(DATASET EXTRACT)

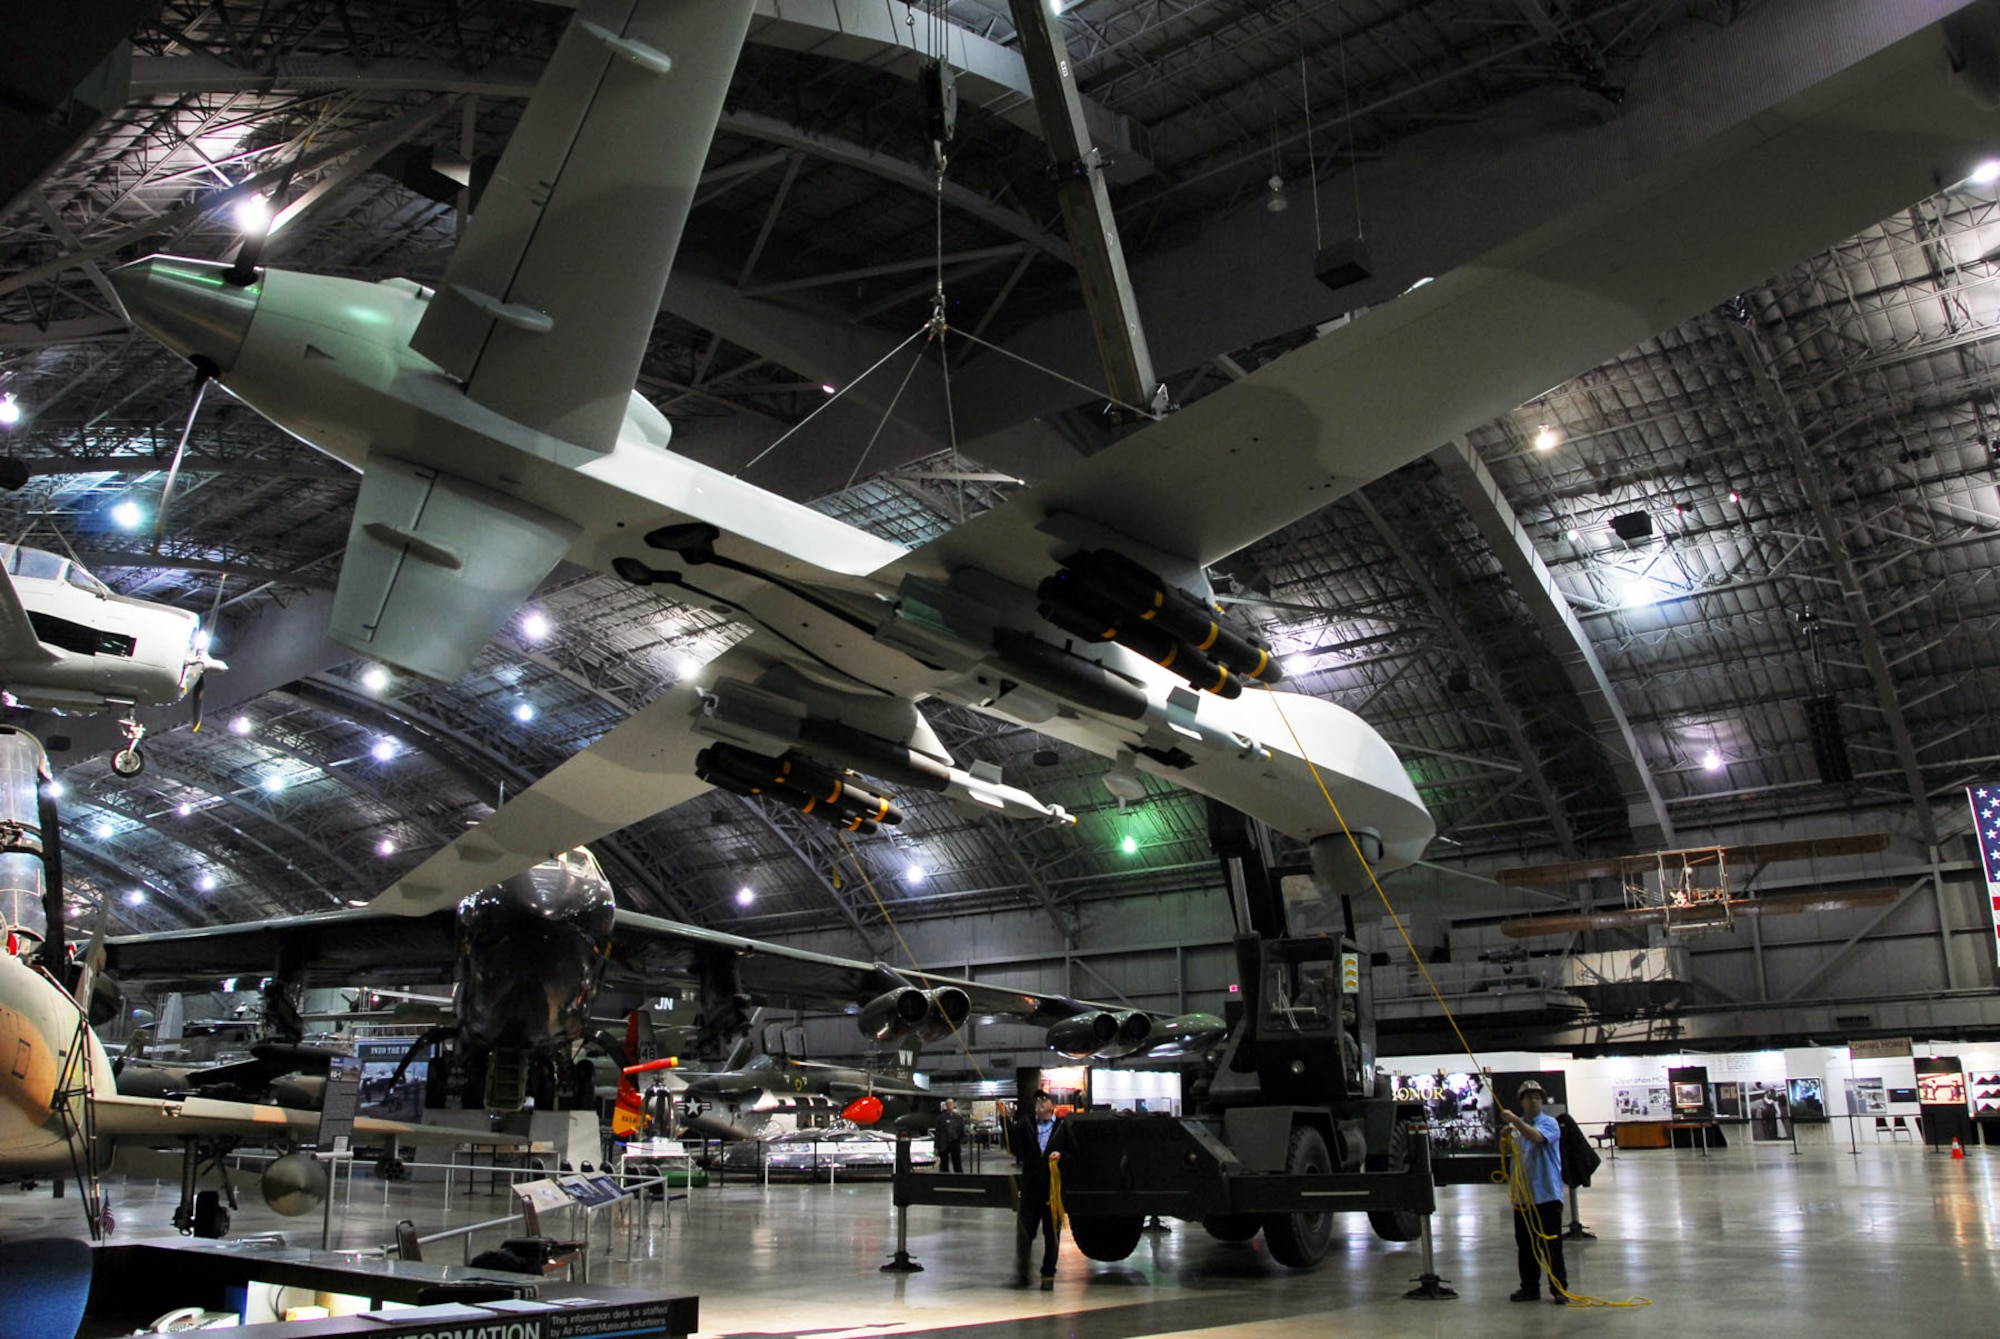 DAYTON, Ohio (01/2010) -- Restoration crews prepare to suspend the YMQ-9 Reaper from the ceiling at the National Museum of the U.S. Air Force. (U.S. Air Force photo)
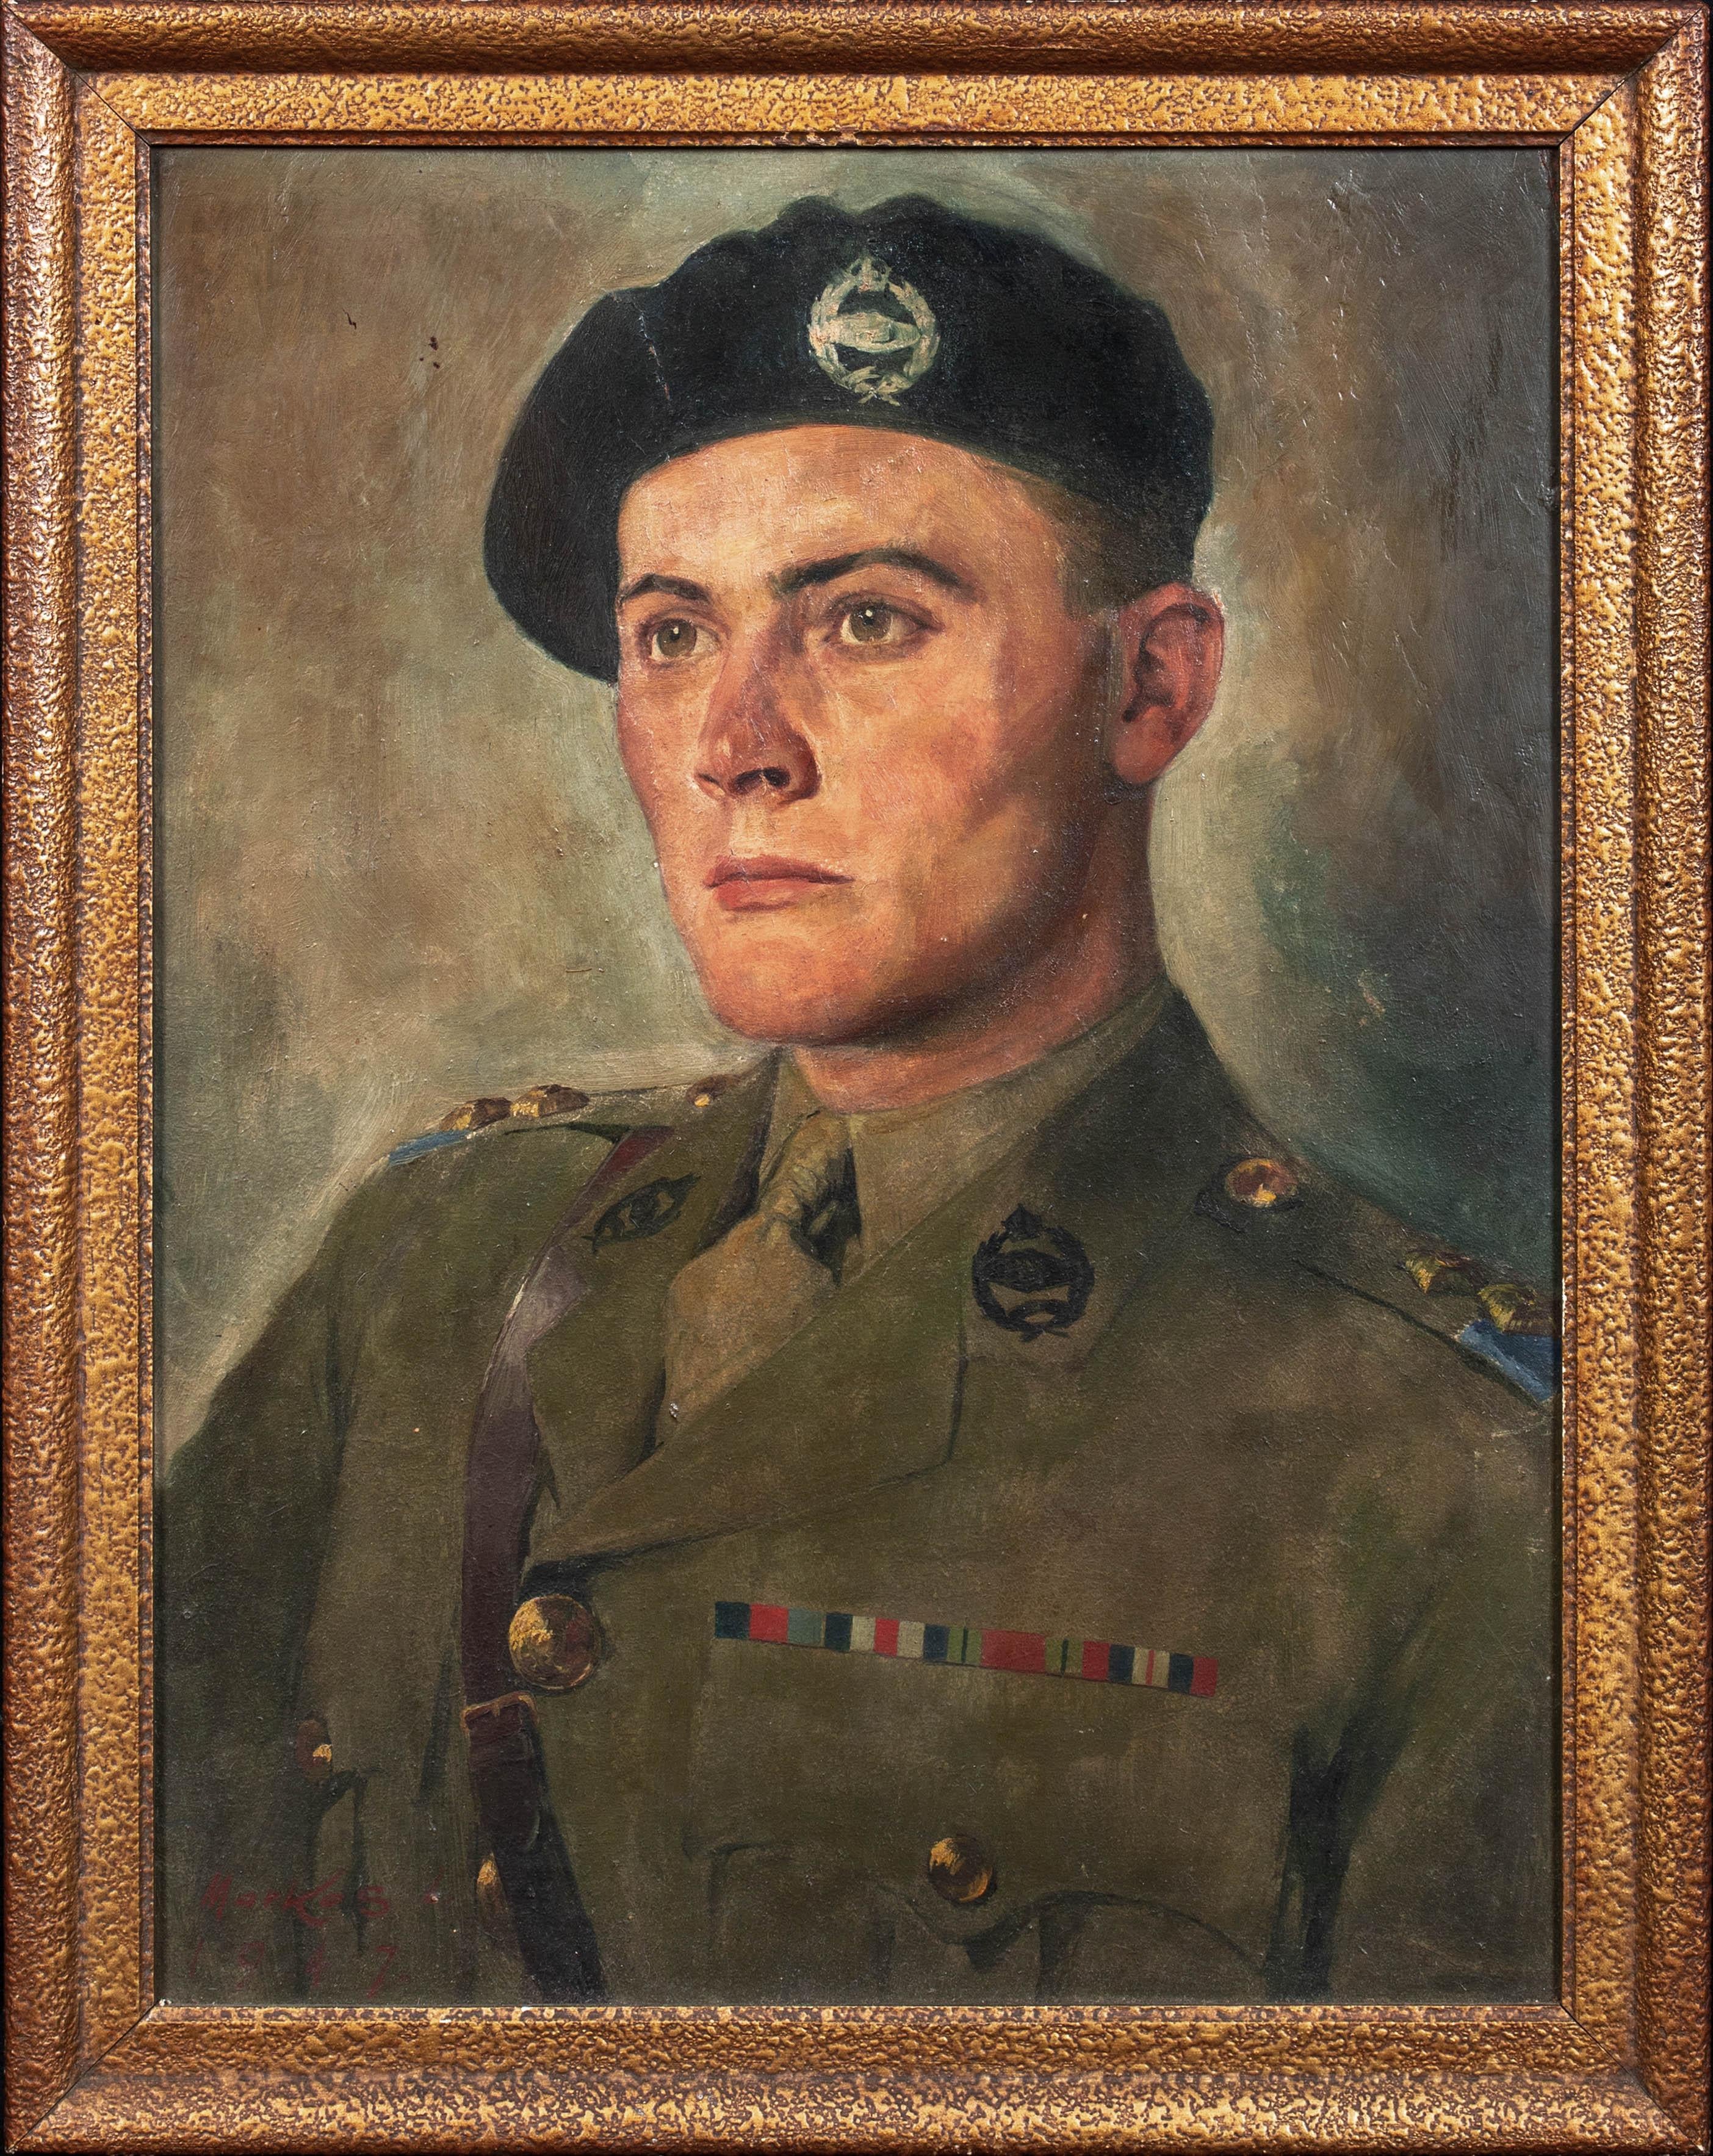 Unknown Portrait Painting - Portrait of A Tank Officer, circa 1940
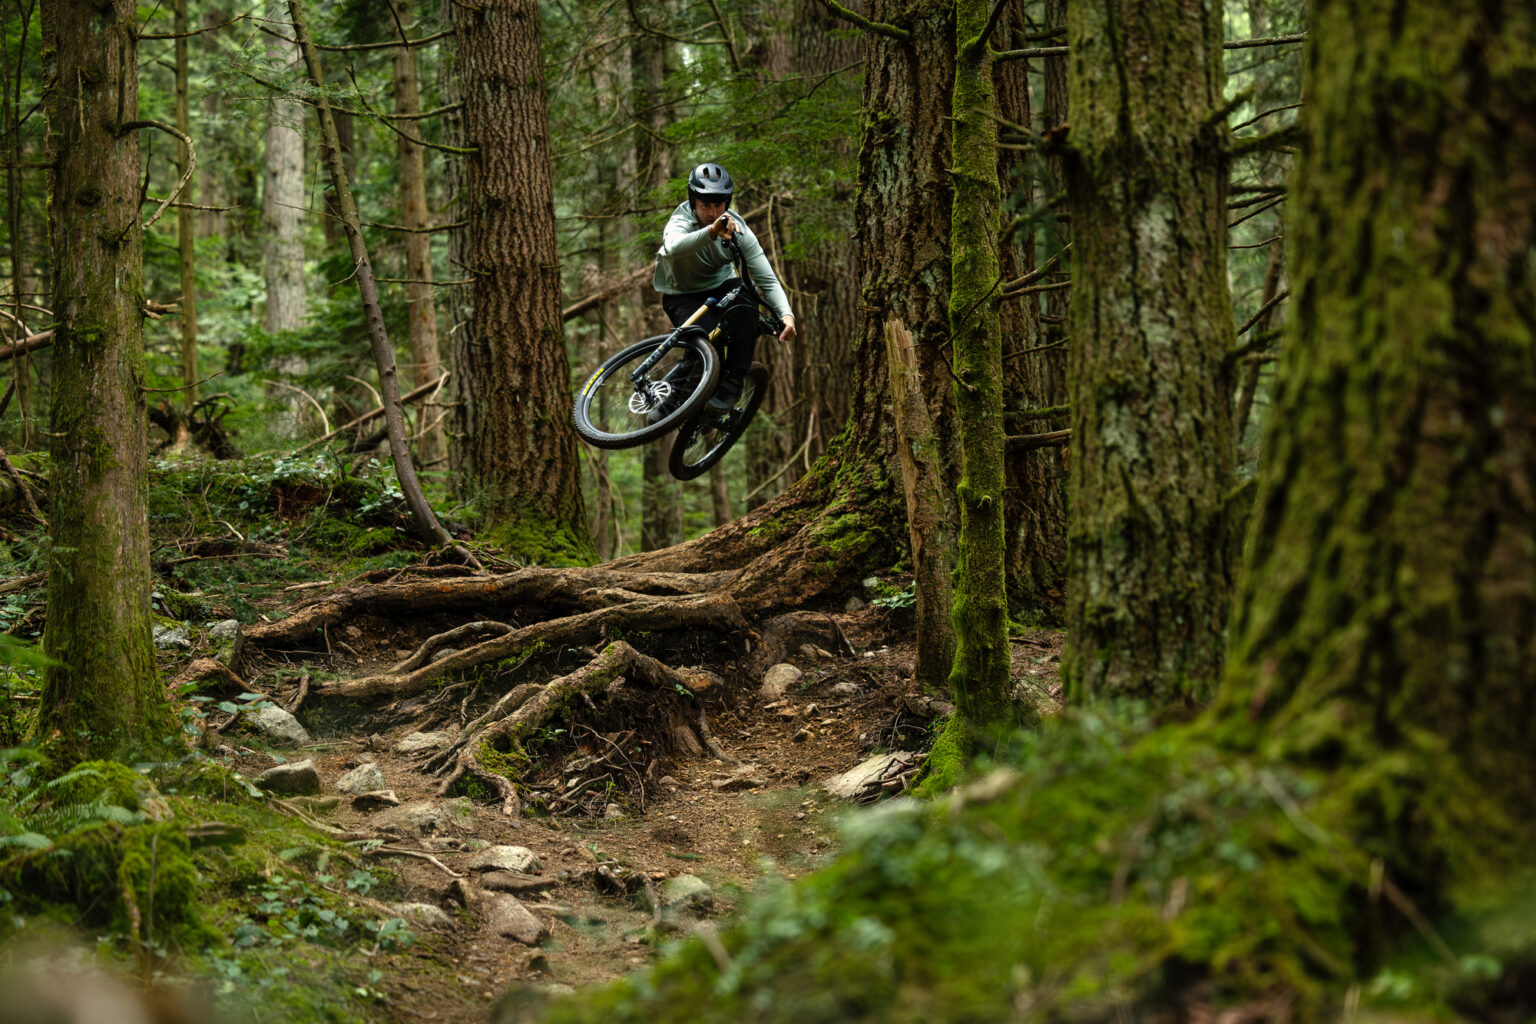 Warren Kniss jumping over roots and rocks on the new Yeti SB165

(End DATASET EXTRACT)

- _PROBLEM_:
Every line above should be copied exactly, apart from any pictures.

- _WRITTEN SOLUTION_:
 DAYTON, Ohio (01/2010) -- Restoration crews prepare to suspend the YMQ-9 Reaper from the ceiling at the National Museum of the U.S. Air Force. (U.S. Air Force photo)
 Unknown Portrait Painting - Portrait of A Tank Officer, circa 1940
 Warren Kniss jumping over roots and rocks on the new Yeti SB165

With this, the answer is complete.